Bio: Li Deng received a Ph.D. from the University of Wisconsin-Madison. He was an assistant and then tenured full professor at the University of Waterloo, Ontario, Canada during 1989-1999. Immediately afterward he joined Microsoft Research, Redmond, USA as a Principal Researcher, where he currently directs the R&D of its Deep Learning Technology Center he founded in early 2014. Dr. Deng’s current activities are centered on business-critical applications involving big data analytics, natural language text, semantic modeling, speech, image, and multimodal signals. Outside his main responsibilities, Dr.
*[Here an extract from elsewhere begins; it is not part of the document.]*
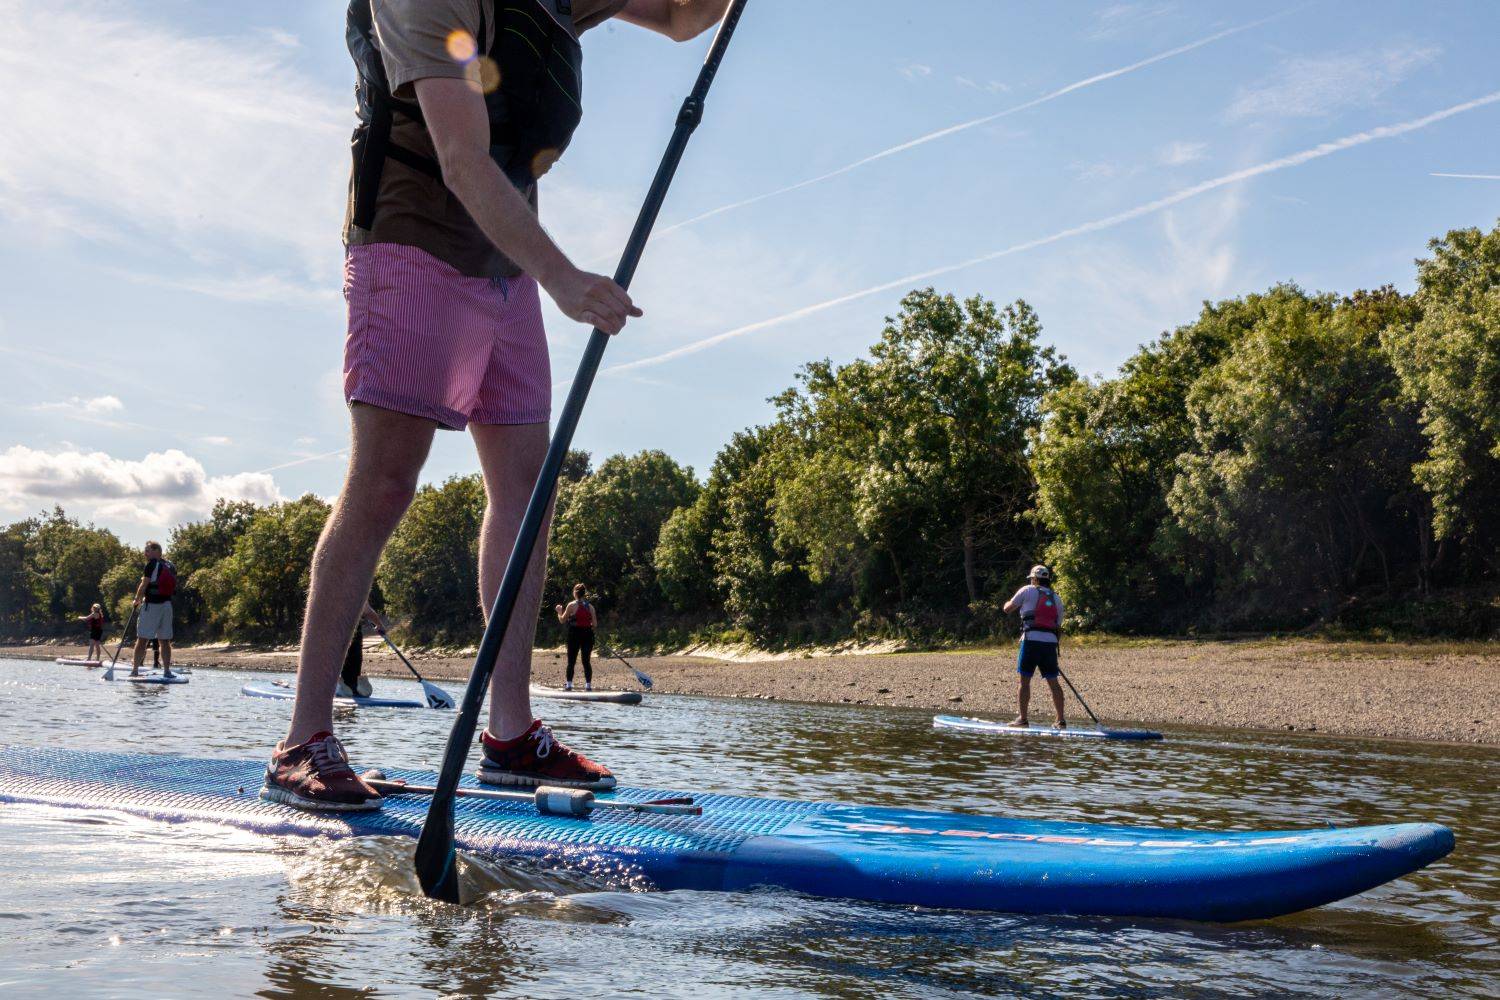 Paddle boarding on the River Thames in London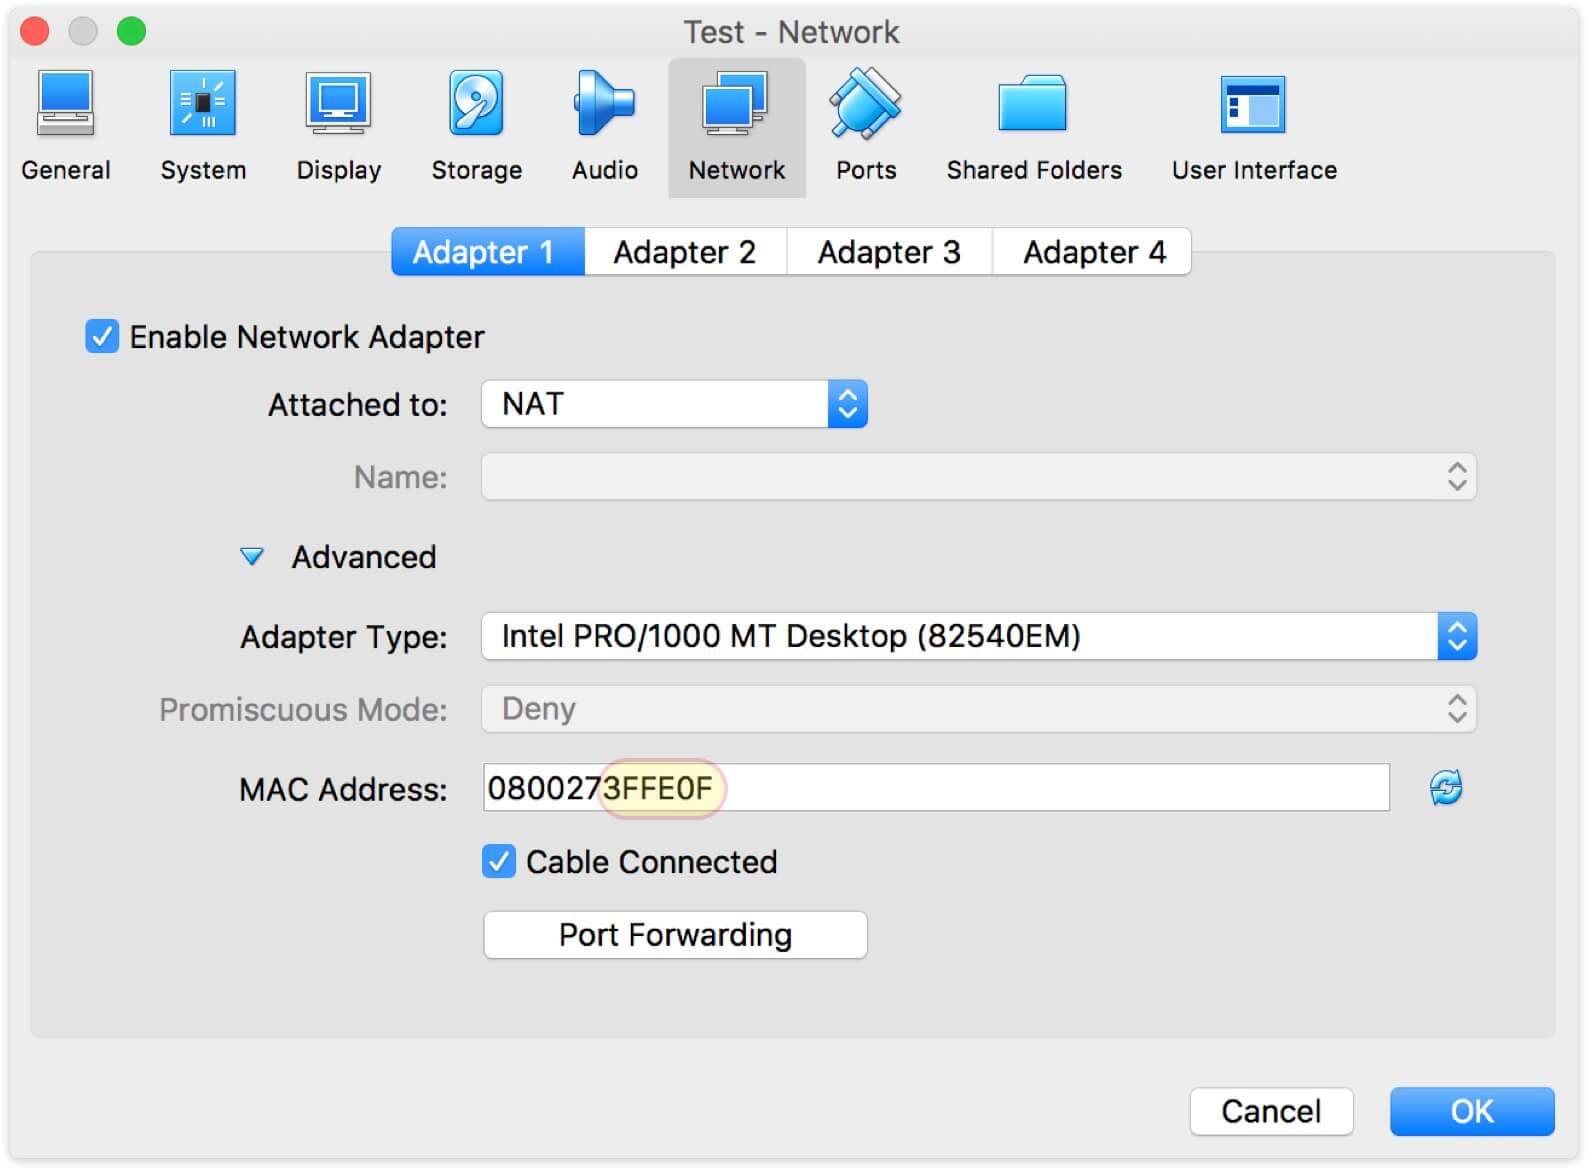 Once new VM has been created with the VirtualBox GUI, it has a MAC address with OUI prefix set automatically.

Deng’s research interests lie in solving fundamental problems of machine learning, artificial and human intelligence, cognitive and neural computation with their biological connections, and multimodal signal/information processing. In addition to over 70 granted patents and over 300 scientific publications in leading journals and conferences, Dr. Deng has authored or co-authored 5 books including 2 latest books: Deep Learning: Methods and Applications (NOW Publishers, 2014) and Automatic Speech Recognition: A Deep-Learning Approach (Springer, 2015), both with English and Chinese editions. Dr. Deng is a Fellow of the IEEE, the Acoustical Society of America, and the ISCA. He served on the Board of Governors of the IEEE Signal Processing Society. More recently, he was the Editor-In-Chief for the IEEE Signal Processing Magazine and for the IEEE/ACM Transactions on Audio, Speech, and Language Processing; he also served as a general chair of ICASSP and area chair of NIPS. Dr. Deng’s technical work in industry-scale deep learning and AI has impacted various areas of information processing, especially Microsoft speech products and text- and big-data related products/services. His work helped initiate the resurgence of (deep) neural networks in the modern big-data, big-compute era, and has been recognized by several awards, including the 2013 IEEE SPS Best Paper Award and the 2015 IEEE SPS Technical Achievement Award “for outstanding contributions to deep learning and to automatic speech recognition.”

Haizhou Li,
 Research Director, Institute for Infocomm Research (I2R), A*STAR, Singapore

TITLE: Speech Synthesis Perfects Everyone’s Singing

Abstract: Singing is more expressive than speaking. While singing is popular, singing well is nontrivial. This is especially true for songs that require high vocal skills. A singer needs to overcome two challenges among others - to sing in the right tune and at the correct rhythm. Even professional singers need intensive practice to perfect their vocal skills and to proficiently present particular singing styles, such as vibrato and resonance tuning. In this talk, we will discuss the basics of Singing Synthesis and I2R’s Speech2Singing system that converts speech into perfect singing. Similar to Photoshop that perfects graphics, Speech2Singing helps perfect singing vocals.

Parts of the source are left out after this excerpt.